ONdigital was forced to fend off criticism of its Internet plans on Monday, after news of a major retail setback to its ONnet set-top boxes.
It emerged over the weekend that Granada, joint owner of ONdigital, is to stop selling the set-top box in its 500 Box Clever shops. The box makes ONdigital's set-top boxes capable of accessing the Internet. An internal memo cited by the Observer newspaper said sales through Box Clever and other retailers had been poor.
ONdigital said the move simply reflected the realities of the way ONnet is sold. "Currently around 75 percent of ONnet sales come through our direct channels, and we are modifying our stocking policy to reflect this," said a spokesman. "Holding stock centrally and direct delivery to customers gives efficiencies to both ONdigital and our retail parteners."
As of January ONnet had attracted 70,000 subscribers, each of whom pays a £5-per-month subscription fee.
Last week ONnet received another setback when the Advertising Standards Authority upheld complaints about the way the service is advertised.

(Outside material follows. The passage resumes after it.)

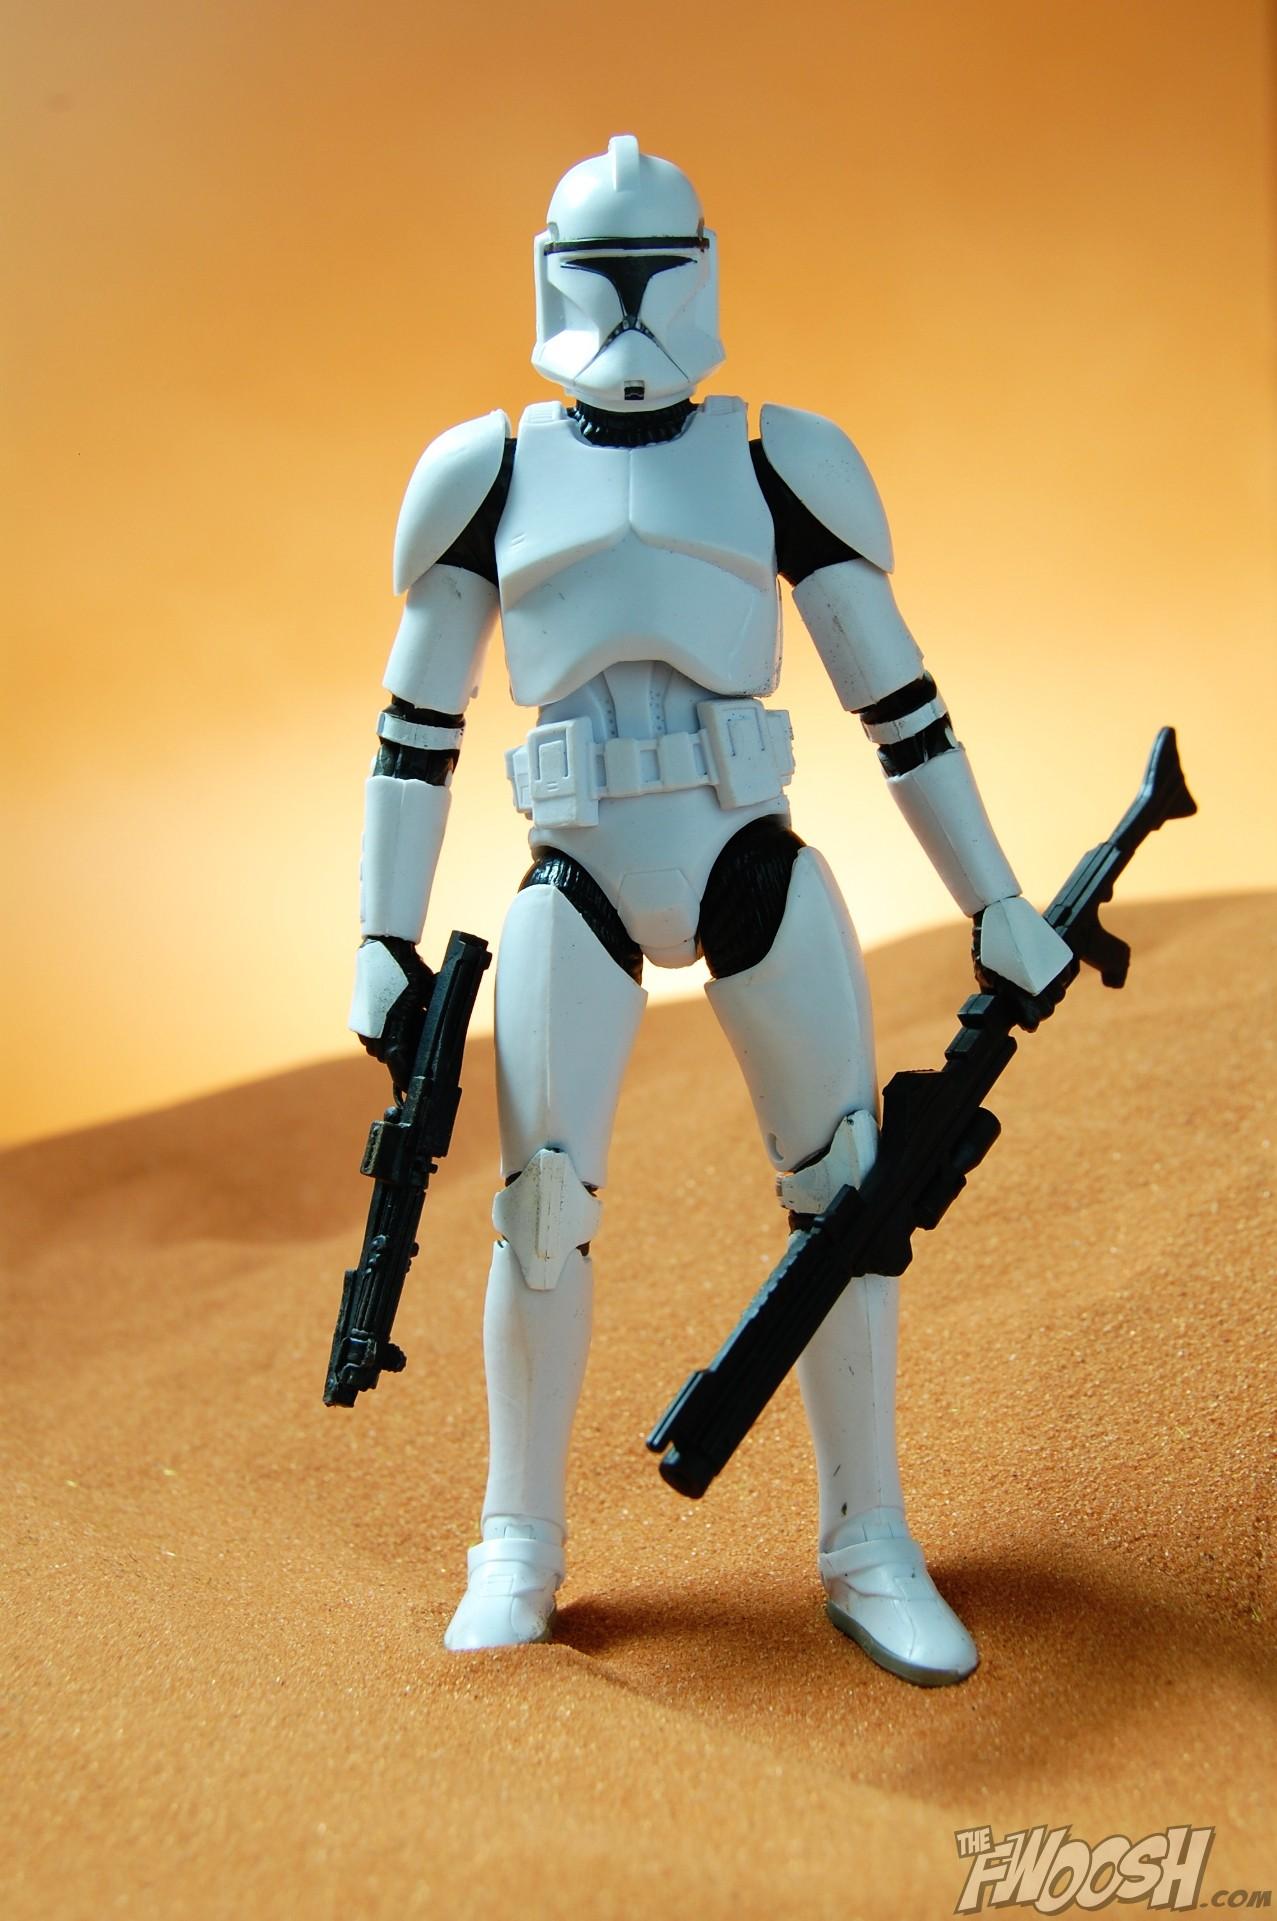 Hasbro Star Wars Black Series Anakin Skywalker and Clone

BSkyB, which owns the competing Open interactive-TV service, and three members of the public complained that ONnet's claims of offering "full" Internet access are inaccurate because the service does not offer Internet services such as ftp and newsgroups, and may not be able to access Web sites using complex technologies such as Flash.
Interactive television has become an important part of the government's plans to get Britain online, because such systems don?t require expensive computer eqipment.